Vietnam’s economy: Outlook is favorable on balance, but risks remain tilted to the downside
Updated: 7/29/2015 3:09:46 PM GMT + 7
Economic experts of WB at the press conference(Photo: Vietnam+)
Economic experts of WB at the press conference(Photo: Vietnam+)

(MPI Portal) – On July 20th 2015, in Hanoi, World Bank announced an on Vietnam’s recent economic developments.

According to the report, GDP growth of Vietnam in the first half of 2015 is 6.28%, which is the highest growth of the first half within the last 5 years. Recovery of Vietnam’s economy is mainly led by industry and construction, but sluggish growth in agriculture and services. Growth is driven by domestic demand, pick up in both investment and consumption. Despite growing high value manufacturing exports, overall export growth slowed down due to low commodity and food prices. Imports are growing strongly, resulting in trade deficit and negative contribution by net exports. Inflation has come down largely due to the pass through low commodity prices. Besides, the State Bank of Vietnam has cut the rate accompanied by relaxation of macro-prudential policy in order to facilitate economic activities and credit. Generally, GDP of Vietnam will grow 6 to 6.2% and inflation will be low about 2.5% in 2015.

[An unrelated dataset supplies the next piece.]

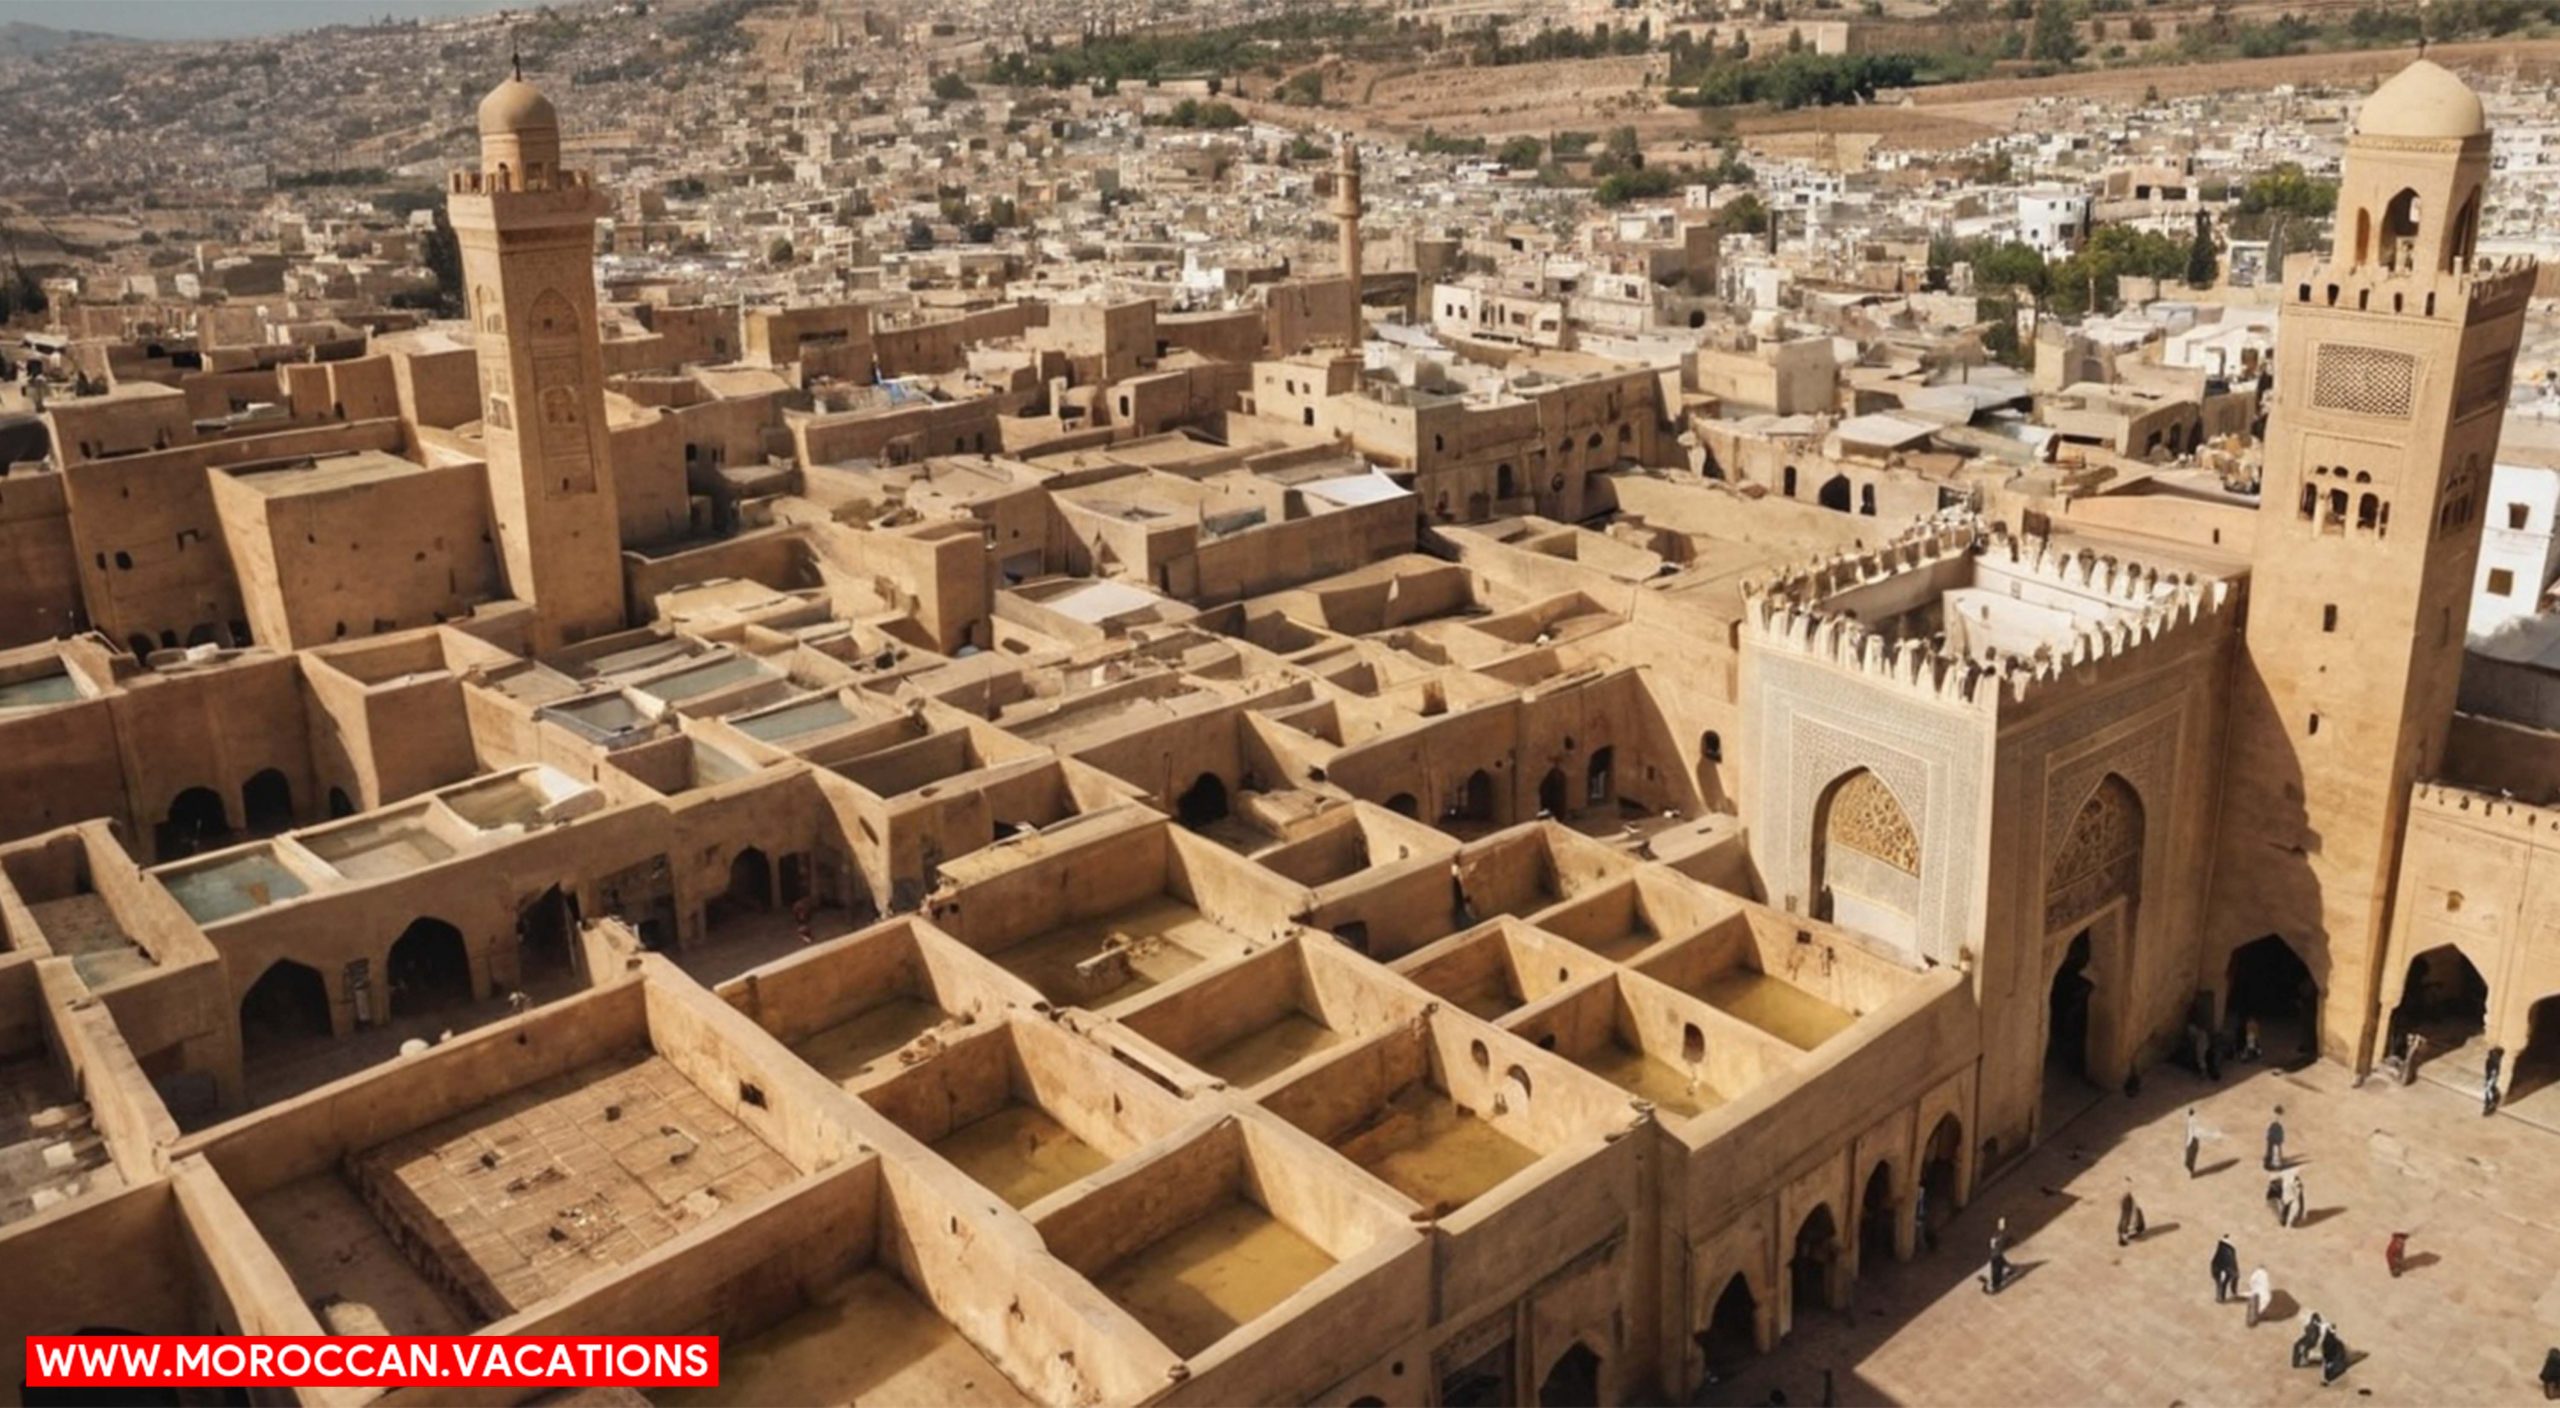 A vibrant image showcasing key landmarks in Fez Medina like Bab Boujloud, Al-Qarawiyyin Mosque.

However, fiscal deficit over the past 5 years increased to 5% of GDP (as compared to 1.1% during 2003-2008. State budget has to spend about 8% for the rate of debts, there are large off-budget activities. While risk of acute debt distress remains low, counter-cyclical policy has eroded available fiscal buffers and rapid pace of debt accumulation is a cause for concern. Greater reliance on domestic debt has increased the average interest rate and significantly shortened the maturity profile of public debt.

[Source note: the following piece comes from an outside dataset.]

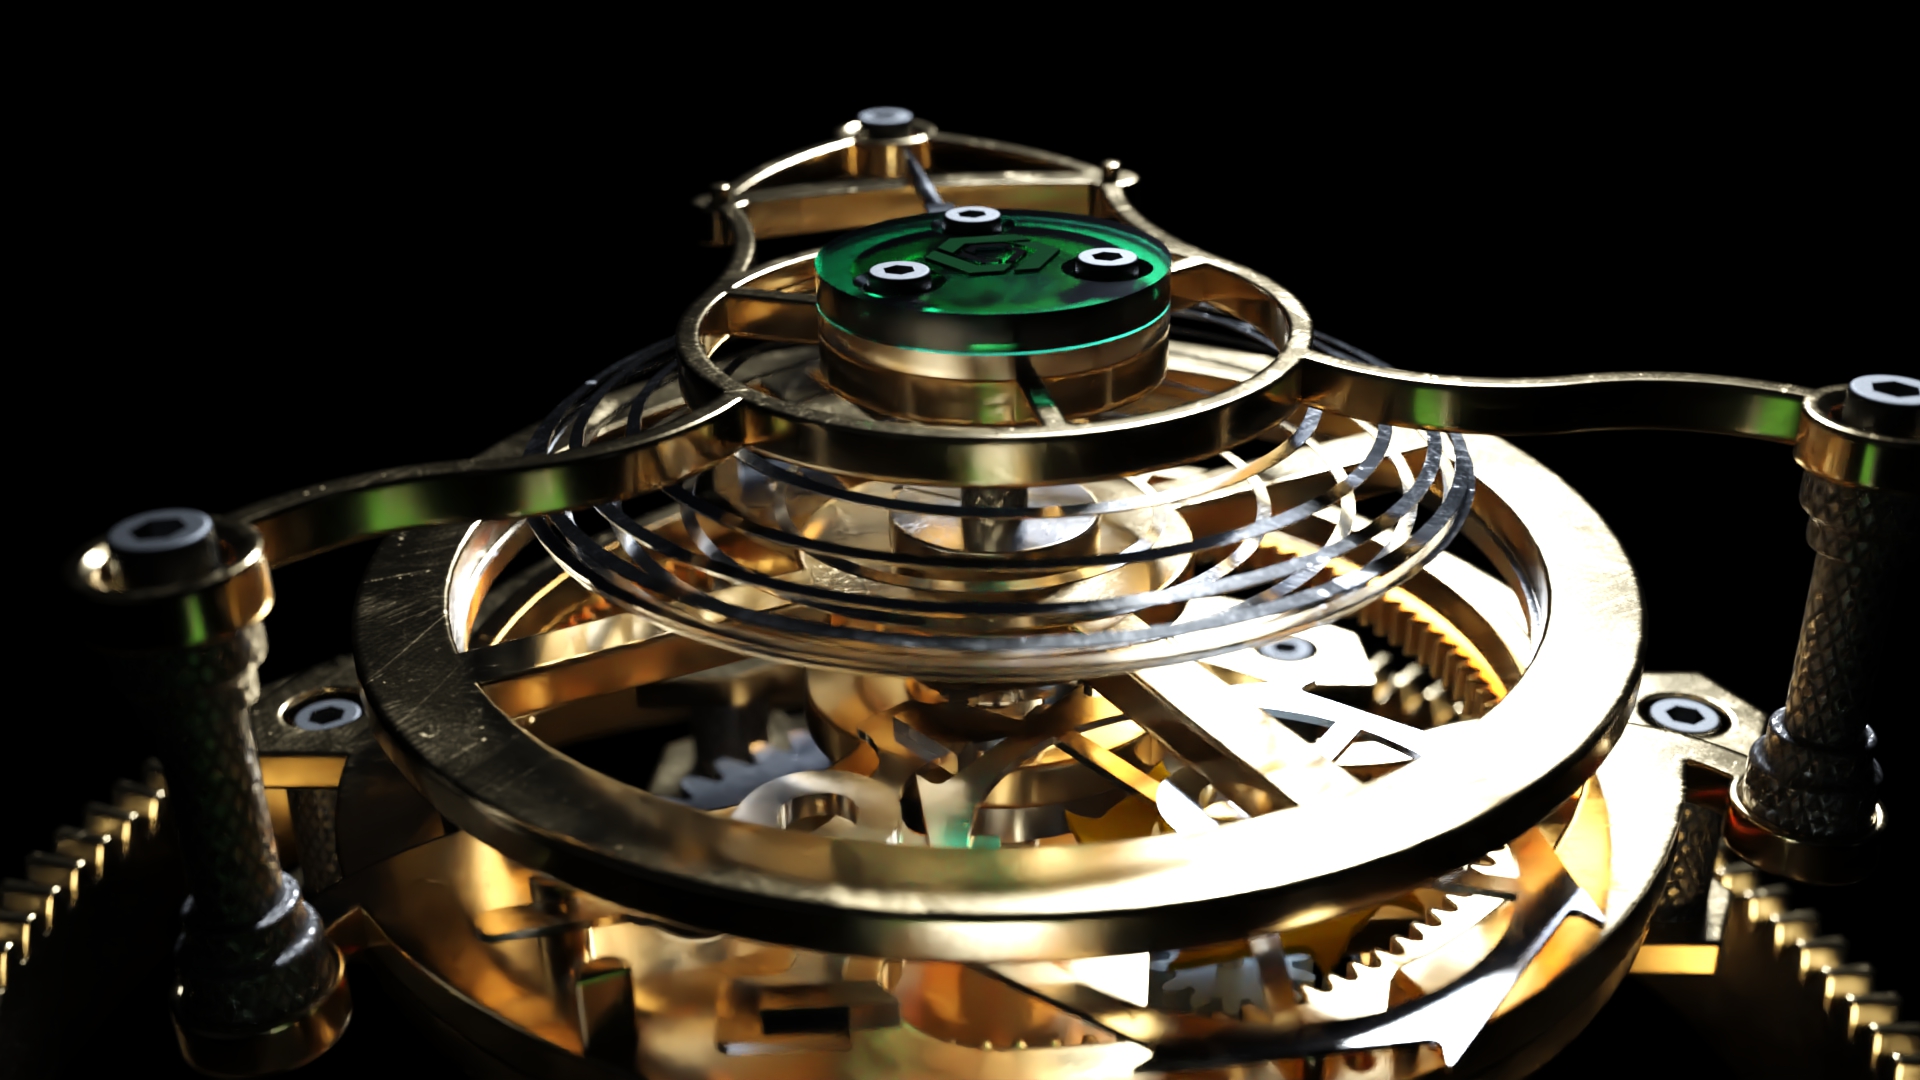 rendering of watch gears

Trade balance deteriorated substantially owing to commodity price declines, export of agricultural fishery products and crude oil have decreased, high value manufacturing exports are up. FDI disbursements remain strong, although FDI commitments are weakening slightly. Despite recent build up, foreign reserve coverage remains low, low external debt and robust roll-over rates.

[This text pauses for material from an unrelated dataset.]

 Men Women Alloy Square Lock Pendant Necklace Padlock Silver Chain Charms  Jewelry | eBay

There is a strong pipeline for SOE equitization, but implementation slowed down, equally ambitious targets for divestment from non-core assets, but progress has been relatively slow. As of the end-Quarter I, there were 29 SOEs equitized as compared to the goal of 289 SOEs set forth for the whole year 2015. Some progress on banking sector reforms during the first half of 2015, especially with regard to consolidation of the banking sector. Emerging trade agreements offer external anchor for further structural reforms./.